Muslim Women Can Approach Only Family Court For Divorce: Madras High Court
The Madras High Court has declared that a Muslim woman is free to exercise her unalienable right to dissolve a marriage through a “Khula” (divorce action started by the wife) by going to a family court rather than a private organisation like a Shariat Council.
Khula marriage dissolution cannot be pronounced or certified by private entities.
These Khula credentials from private organisations are therefore invalid. Khula is a type of divorce granted to a wife, much like talaq is granted to a husband. In his ruling on a writ suit filed by a man seeking to have his wife’s Khula certificate revoked, Justice C. Saravanan invalidated the contested certificate, which was issued in 2017 by the Shariat Council, Tamil Nadu Towheed Jamath.

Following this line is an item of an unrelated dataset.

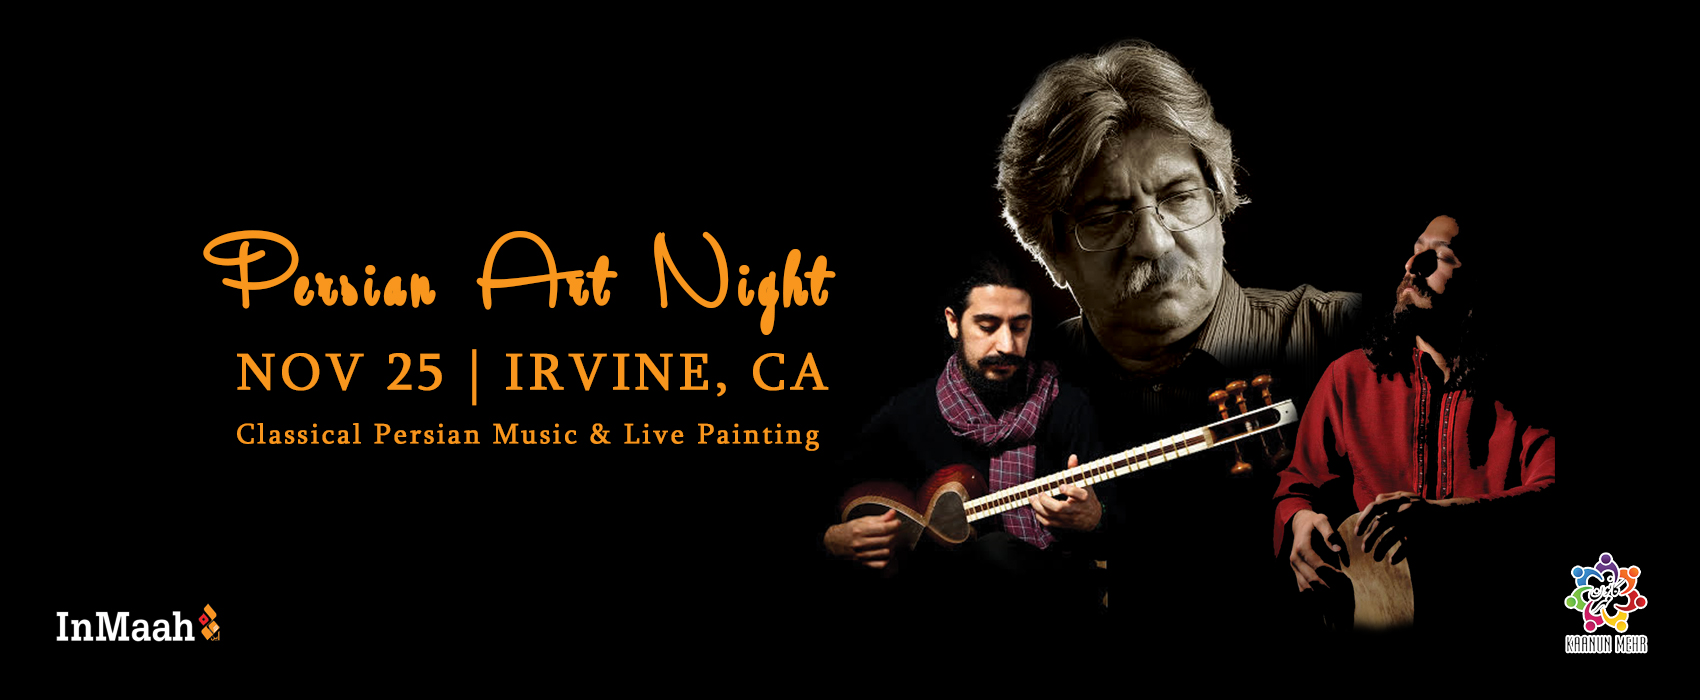 Persian Art Night w/ Akhavass | InMaah Magazine | Iranian Magazine San Diego, Orange County, Los Angeles

In Bader Sayeed Vs. Union of India, 2017, the Madras High Court ordered an interim stay and prohibited organisations, such as the respondents in that case (Kazis), from issuing certificates certifying dissolution of marriage through Khula, according to the verdict.
The Supreme Court ruled in Vishwa Madan Lochan v. Union of India and others (2014) that regardless of the position of “fatwa” under Mughal or British administration, it had no place in independent India under the Constitutional Scheme. This was the ruling that the petitioner cited in this case.